What we also care about, then, is whether judgments of probability are informative in the sense that they tell us whether something is true or not in a particular case. This, in turn, is largely a matter of including evidence. For example, one could be well calibrated by assigning 50 percent probabilities for the “yes/no” questions, but they would likely be omitting relevant evidence and not saying anything particularly informative.
Calibrationism then says that, for judgments to be trustworthy, they must also include all the evidence that we regard as relevant.
Getting Practical: How to Implement Calibrationism
So that’s calibrationism in a rough nutshell: Our judgments are trustworthy to the extent we have evidence that (a) they are produced in ways that are well-calibrated and (b) they are inclusive of all the relevant evidence. What, then, are the implications of this? Four come to mind:
- We should measure calibration to determine which judgments are trustworthy;
- We should trust individuals who have evidence of their calibration;
- But only if they are inclusive of all the evidence;
- And where necessary, we should aim to improve our calibration.
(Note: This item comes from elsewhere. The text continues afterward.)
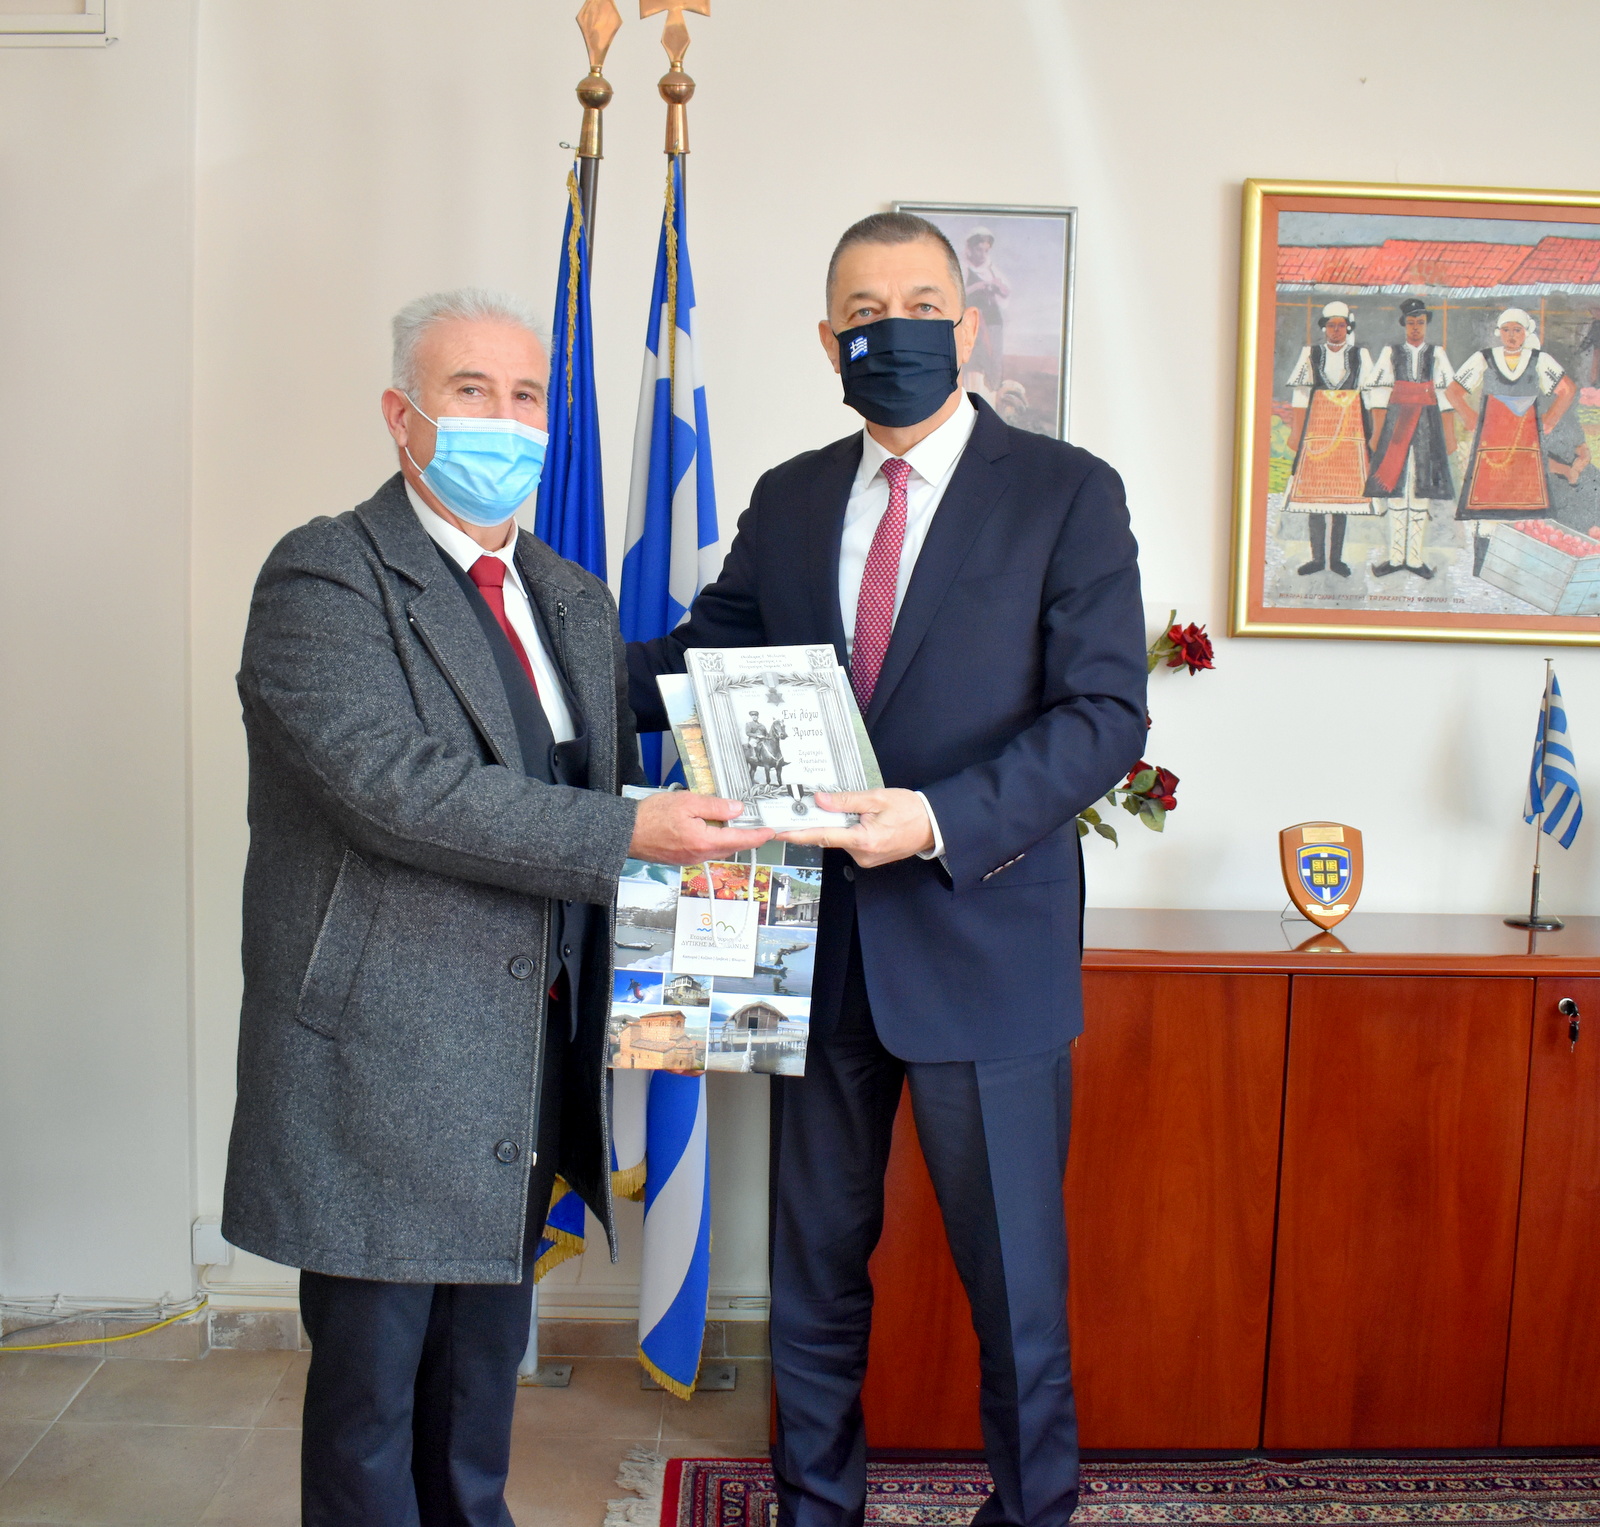 Συνάντηση του Αντιπεριφερειάρχη Φλώρινας με τον Υφυπουργό Εθνικής Αμύνης κ. Αλκιβιάδη Στεφανή

Practically, I provide more ideas about how we can do these things elsewhere. For example, one can measure calibration by plugging some judgments into a spreadsheet template, as I discuss here. Calibration can also be improved with recommendations that I discuss here. Lastly, if we want to assess the inclusivity and trustworthiness of someone’s thinking, we can list the evidence that we think is relevant, ask them questions about their reactions to each item, and, if their responses seem to reflect calibrated engagement with all of the evidence, then we can trust their judgments.
Put simply, to determine which judgments to trust, we might want to see more calibration graphs and evidence checklists to determine calibration and inclusivity—at least when the stakes are high. This might help make a world with fewer fatal misdiagnoses, false criminal convictions, and other expressions of inaccuracy that compromise the functioning and well-being of our societies.